▸ Prompt
Could you repeat the records below exactly, leaving out any pictures?

Extracted data entries:
········

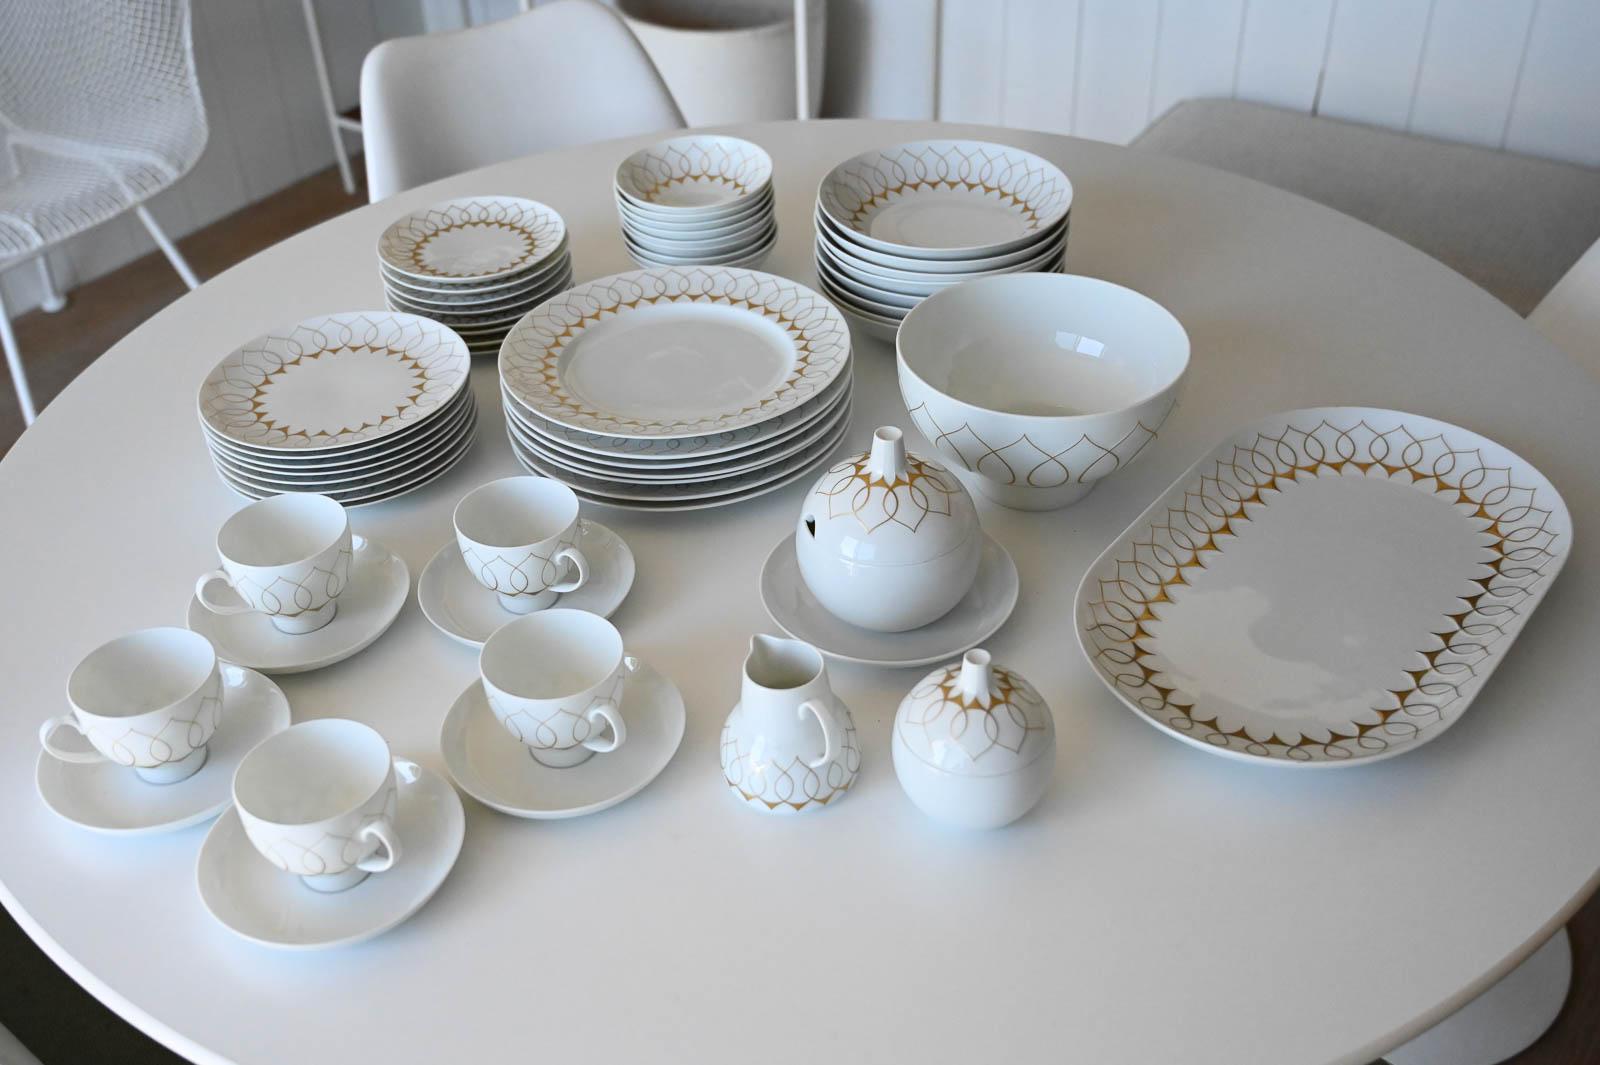 Bjorn Wiinblad for Rosenthal Gold Lotus Silhouette Tableware, Service for 8.  Beautiful set of service for 8 includes:

7 Dinner Plates
8 Salad Plates
8 Bread/Dessert Plates
8 Large Soup/Salad Bowls
8 Small Soup Bowls
1 Large Serving Bowl
1 Large

········

▸ Result for this exercise
 Bjorn Wiinblad for Rosenthal Gold Lotus Silhouette Tableware, Service for 8.  Beautiful set of service for 8 includes:

7 Dinner Plates
8 Salad Plates
8 Bread/Dessert Plates
8 Large Soup/Salad Bowls
8 Small Soup Bowls
1 Large Serving Bowl
1 Large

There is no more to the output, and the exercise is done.